I can't compete with you guys on deserts but the wife found a new one that is surprising good..

My first reaction when she mentioned fried pound cake topped with sweetened strawberries was, " There's not enough calories in pound cake? You want to grill it butter?"

I had to eat my words and the yummy cake also. 

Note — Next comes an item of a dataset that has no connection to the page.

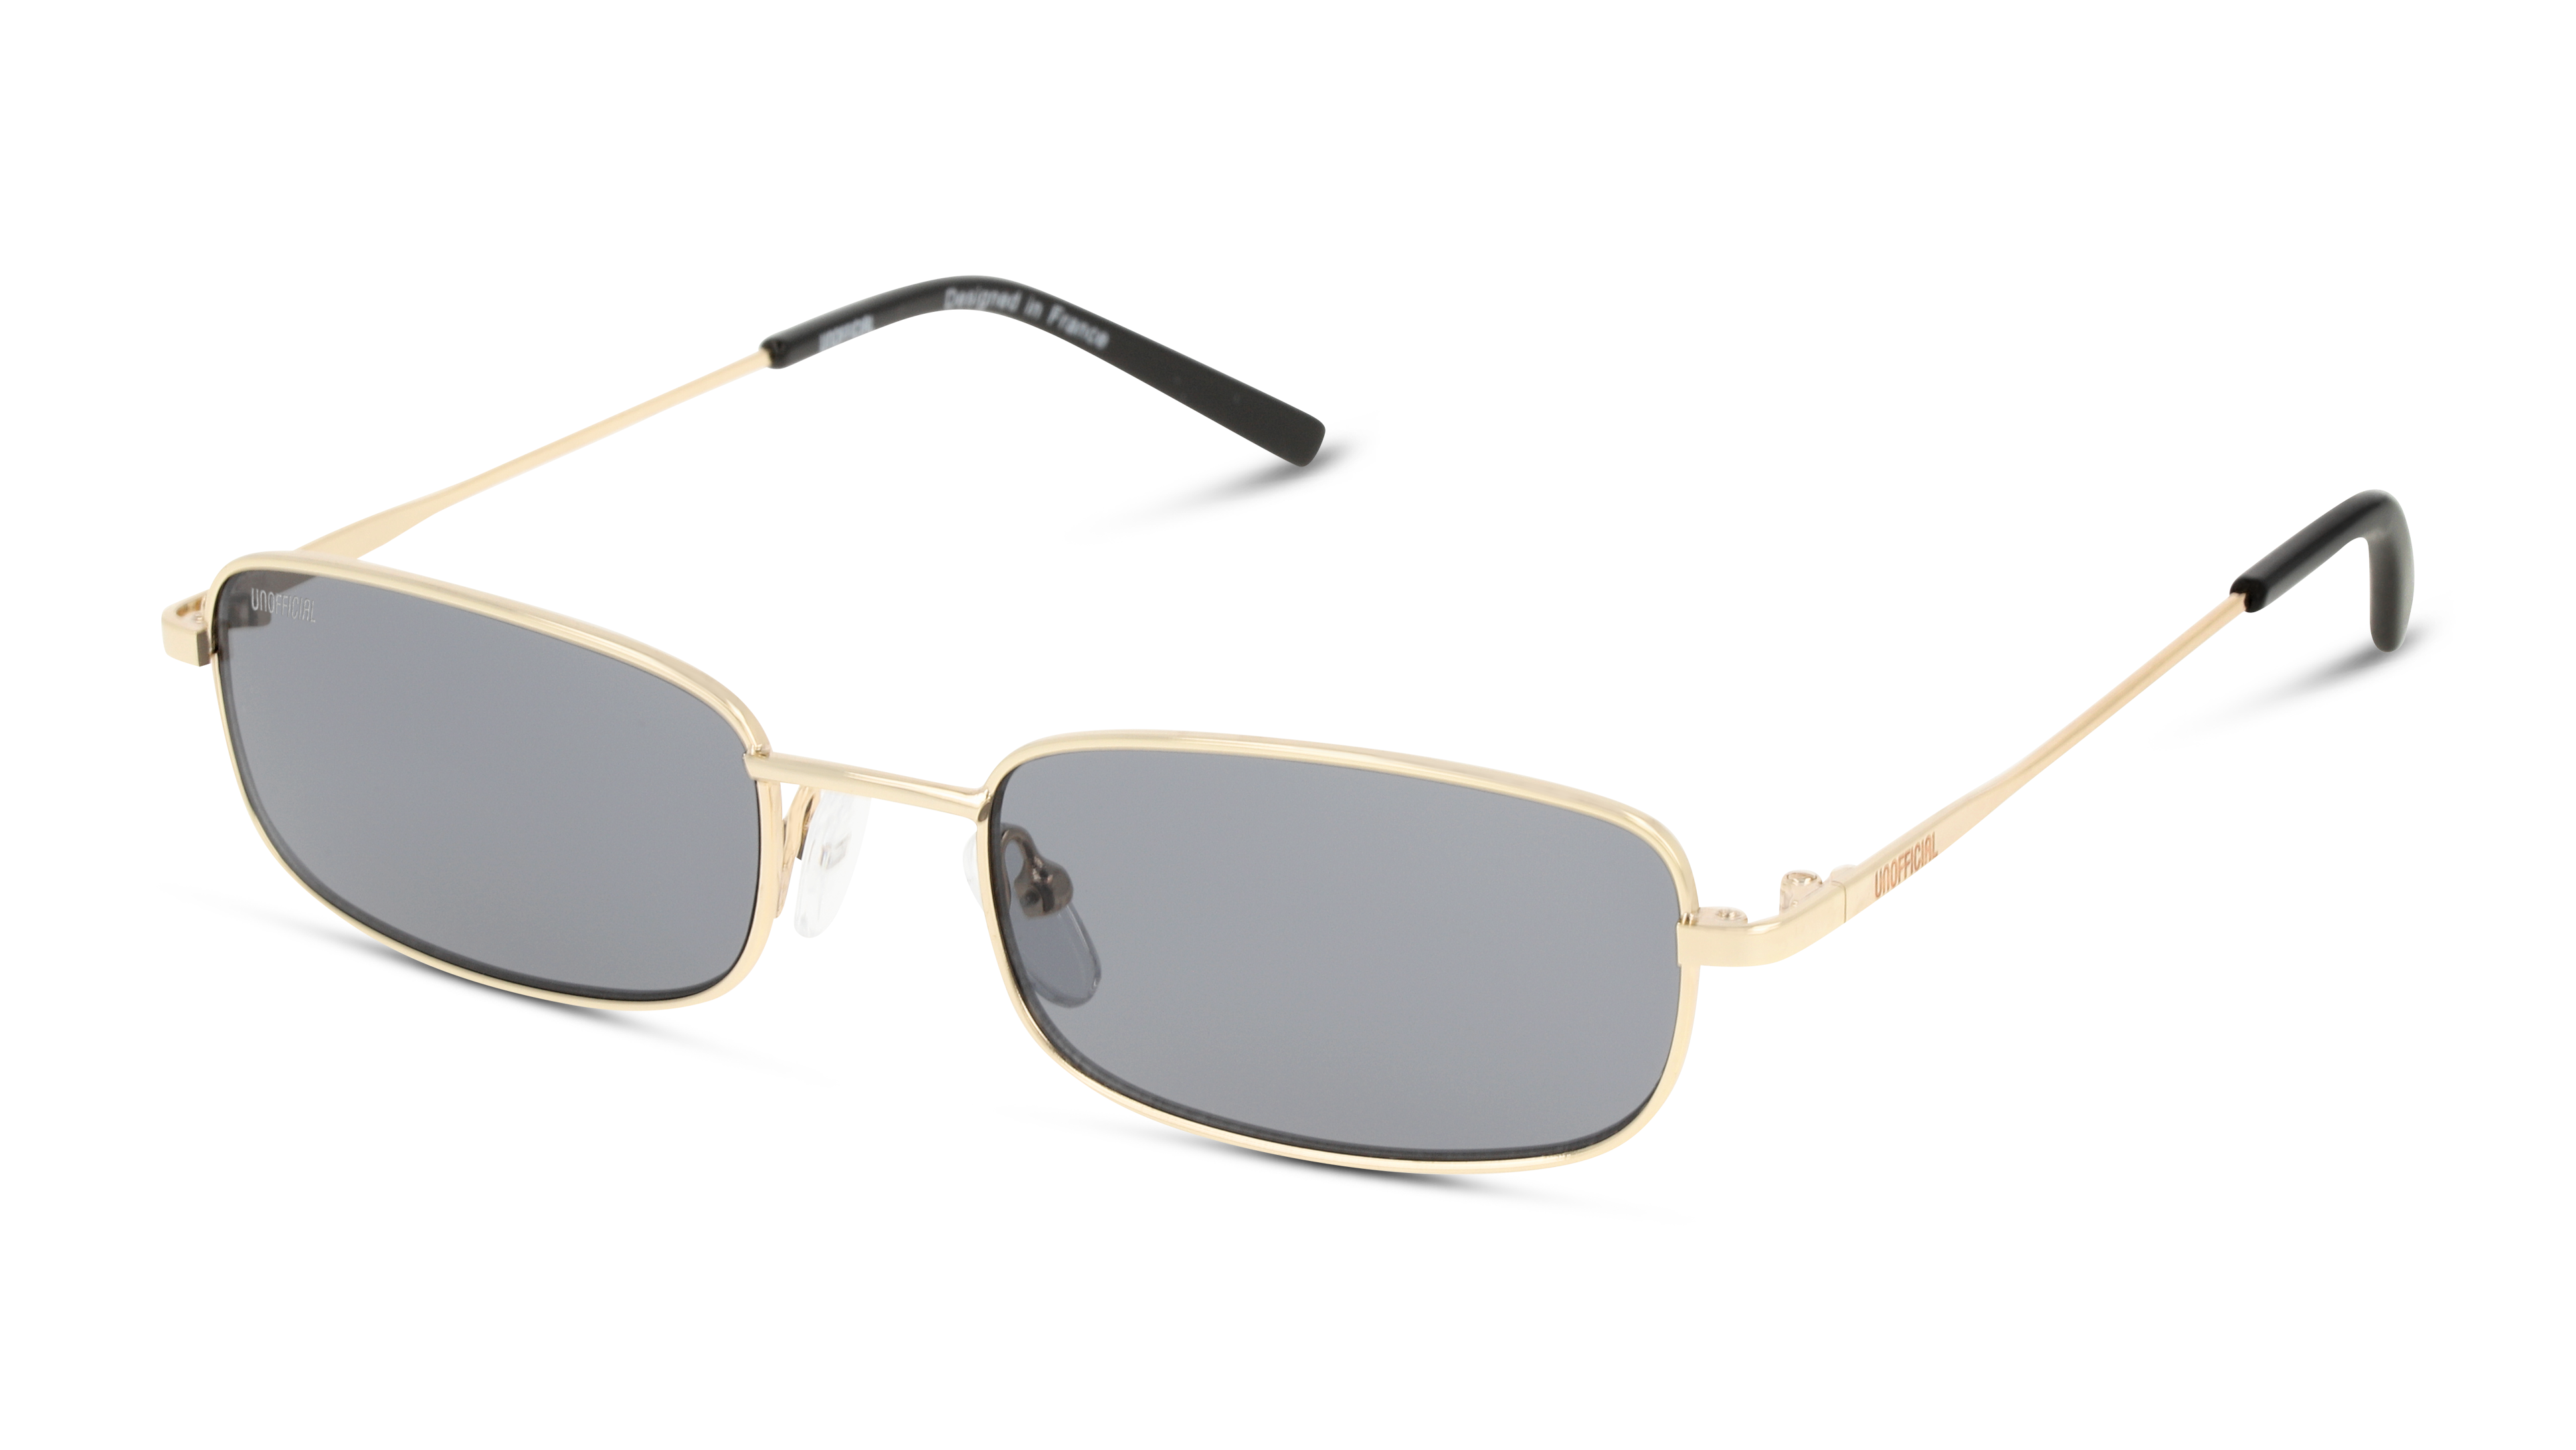 Angle_Left01 Unofficial UNSU0087 Sunglasses Grey / Gold

Pretty easy recipe; macerate and sugar the berries to your taste earlier in the day then grill the the pound cake in butter. Make it like a lightly cooked Texas toast and not like a grilled cheese.

Enjoy!


----------



## John Smith_inFL (Jun 15, 2018)

wwhoooaaaaa just when you thought pound cake couldn't get any better !!


----------



## DoomsDave (Dec 6, 2018)

Feel them arteries hardening 

say amen!


----------



## J. V. (Jun 1, 2007)

I have put sliced pound cake in the toaster then smeared with real butter and pancake syrup. Breakfast of Champions.


----------



## Colbyt (Jan 27, 2014)

J. V. said:


> I have put sliced pound cake in the toaster then smeared with real butter and pancake syrup. Breakfast of Champions.


The flavor profile of that would be slightly different but I suspect it is also good.


----------



## J. V. (Jun 1, 2007)

Colbyt said:


> The flavor profile of that would be slightly different but I suspect it is also good.


Something about the rich moist interior of pound cake! We sometimes put macerated strawberries and whipped cream on the slice of pound cake. A take on "strawberry shortcake". Very good.


----------